For the lazy rest to put it simply physical memory is split into fixed size blocks which are called Memory Pages and depending on the computer architecture and operating system can be 2kb 4kb 16kb 32kb or even 4mb in size. Anytime we request memory from operating system using some syscall it’s best to have the size divisible by the actual operating operating system’s Memory Page size. If used simply this tends to waste a lot of memory so hence we need a way to be more efficient with our requests and also we need to think of a way to recycle the memory requested before which isn’t already needed by the application. All this opens a new area for exploration which is called Memory Allocation Algorithms and is quite a hot topic because not only we need to manage the recycling complexity but also concurrency and parallelism of the actual algorithms to be more efficient with modern multi-processor computers. Some notable examples of algorithm that do that and are used in real world are Doug Lea’s malloc, TLSF and jemalloc, also there are much more out there. In order to explore some basic ideas about memory allocators we’ll write the simplest algorithm commonly called power of 2. The essential idea behind it is to split blocks of memory into sizes divisible by 2 such as 32, 64, 128 and etc. By doing so we could reuse already used blocks by breaking them into more smaller onces. For example 128 block can be broken into 2 blocks of 64 and each of them can also further be broken to 32 sized blocks.

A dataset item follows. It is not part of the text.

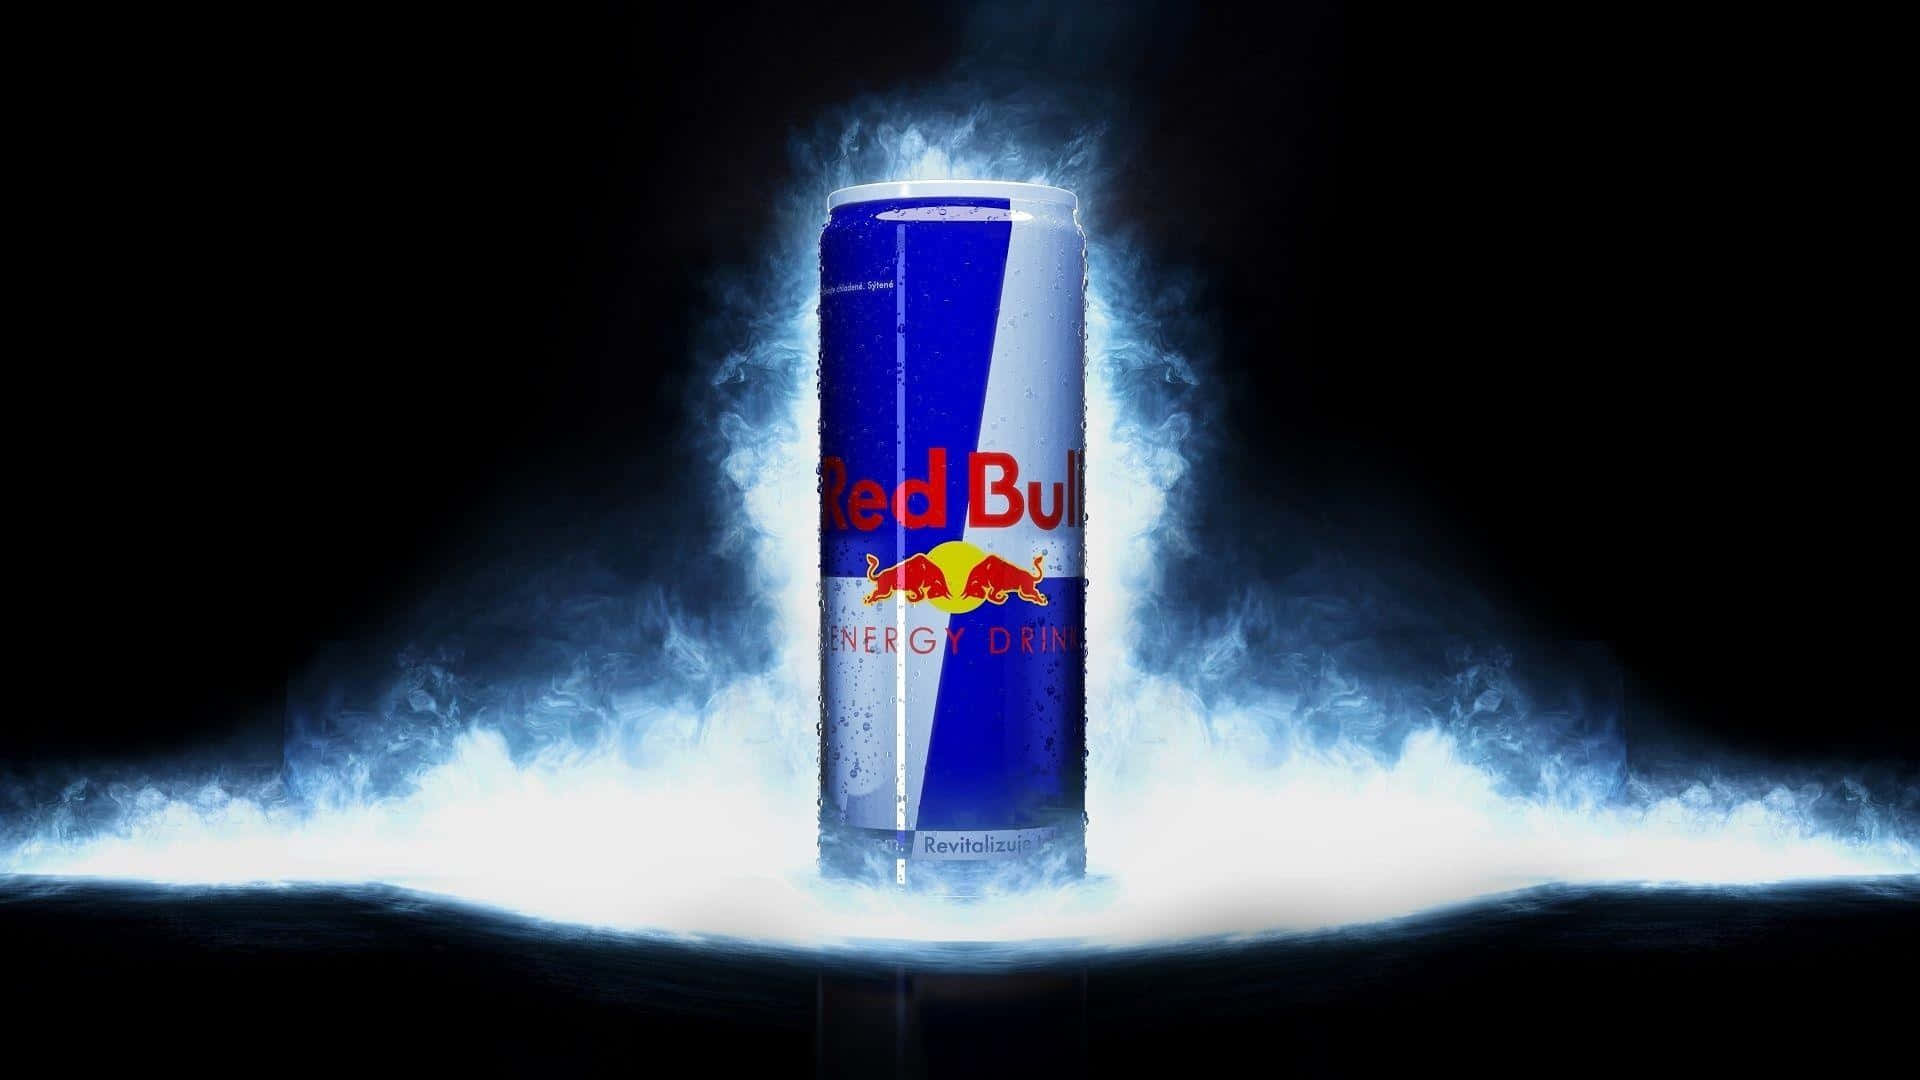 Vågnop Og Bliv Energiseret Med En Red Bull!

In general this tends to waste a lot of memory and introduces memory fragmentation. In worst case scenario half of all requested memory is wasted but usually in real world cases the actual number is near 25%. The memory wasting cost has computing performance gain as the algorithm itself is not hard to implement and works faster than more complex but conservative ones. Hence we are going to write a simple memory allocator also commonly called malloc since this is the library function name used by standard C library for allocating dynamic memory of variable size for the application process. We are going to implement our version of that function and related functions. Our target platform will be Linux and gcc compiler since we aren’t going to bother with portability as this will take much more time and effort. Final version of source code can be browsed in mymalloc repo but I strongly encourage you to write the whole thing from scratch yourself just to better understand the actual processes under the hood.

First let’s start with function definitions that we need to reimplement. Create a file called mymalloc.h. We’ll also define some functions for debug/stats purposes as those will be helpful during development process. Note: all this functions are defined by glibc in linux so gcc will complain about them being redefined during compilation but you can ignore those messages.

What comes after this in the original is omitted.